__EXERCISE OBJECTIVE__.
Starting at the line that has "USB-C Superdrive External" and stopping after the line that has "1 gaveta plegable", reproduce the listing below exactly; omit everything else.

__GIVEN ENTRIES__.
=== Section Start ===

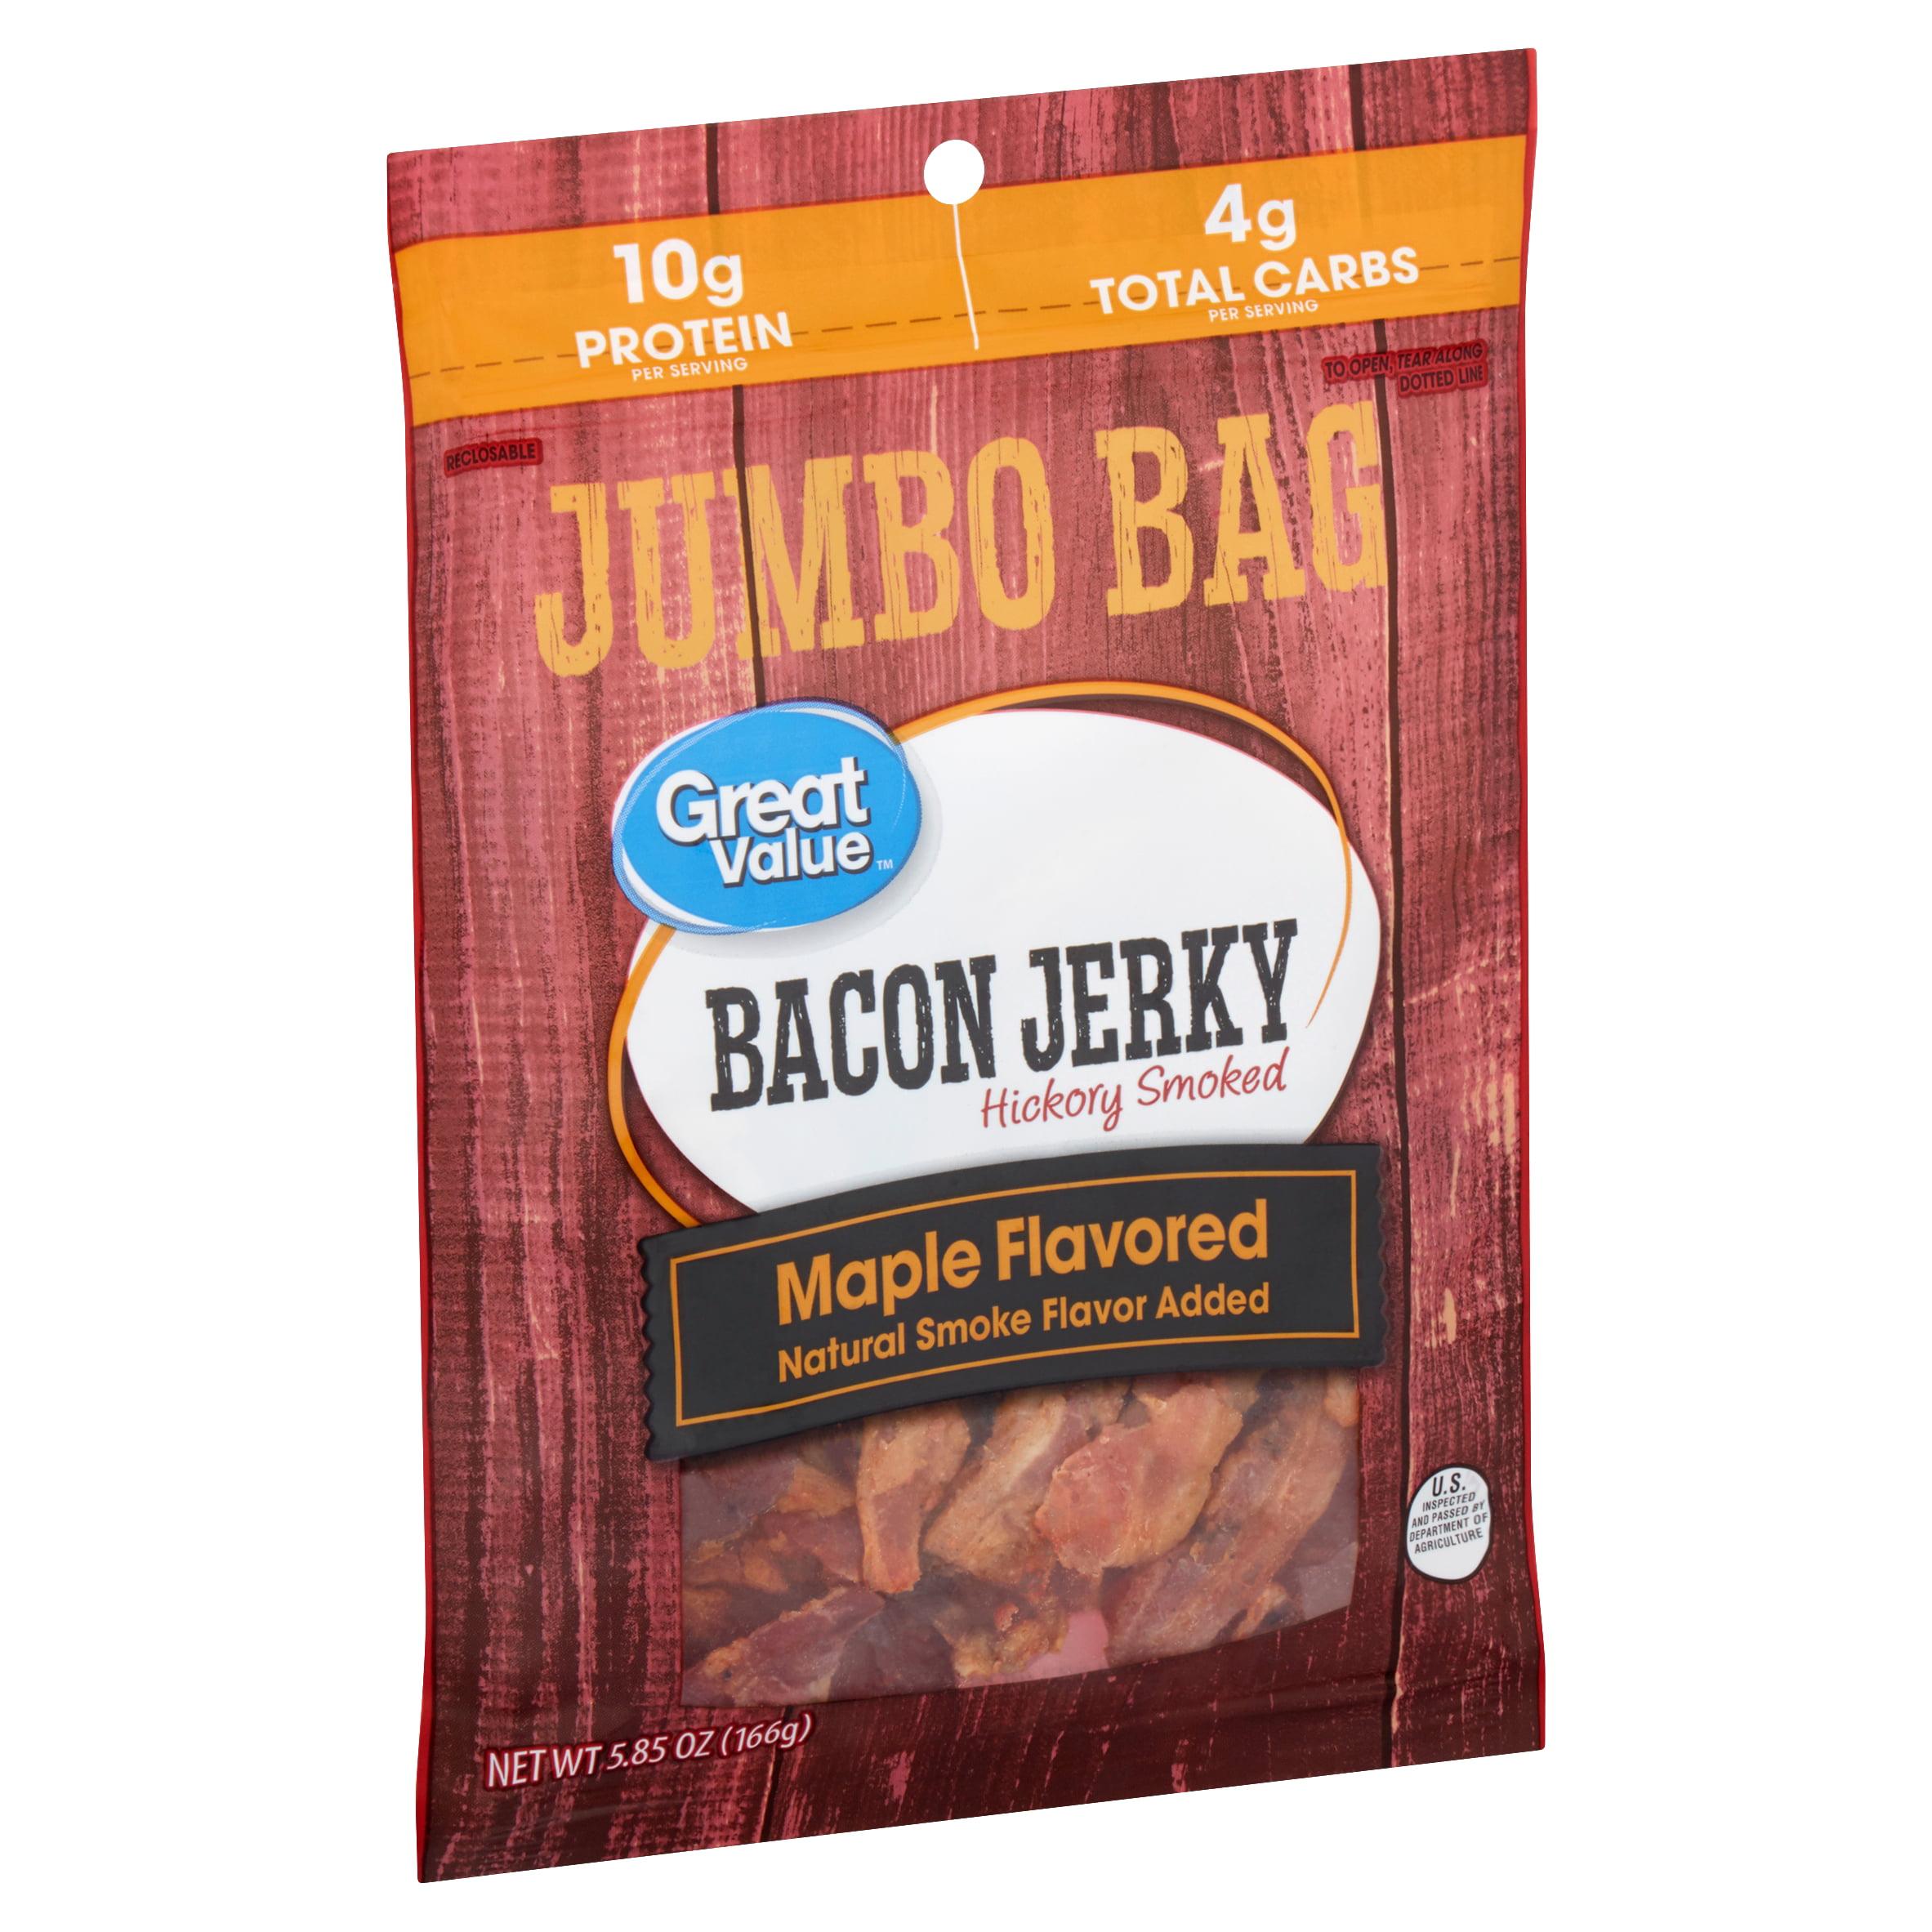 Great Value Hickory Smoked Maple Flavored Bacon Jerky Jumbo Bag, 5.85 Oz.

=== Section End ===
=== Section Start ===

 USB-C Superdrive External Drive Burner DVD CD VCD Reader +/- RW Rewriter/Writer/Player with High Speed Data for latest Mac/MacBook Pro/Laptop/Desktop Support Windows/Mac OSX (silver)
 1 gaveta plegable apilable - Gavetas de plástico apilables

=== Section End ===

__WRITTEN ANSWER__.
 USB-C Superdrive External Drive Burner DVD CD VCD Reader +/- RW Rewriter/Writer/Player with High Speed Data for latest Mac/MacBook Pro/Laptop/Desktop Support Windows/Mac OSX (silver)
 1 gaveta plegable apilable - Gavetas de plástico apilables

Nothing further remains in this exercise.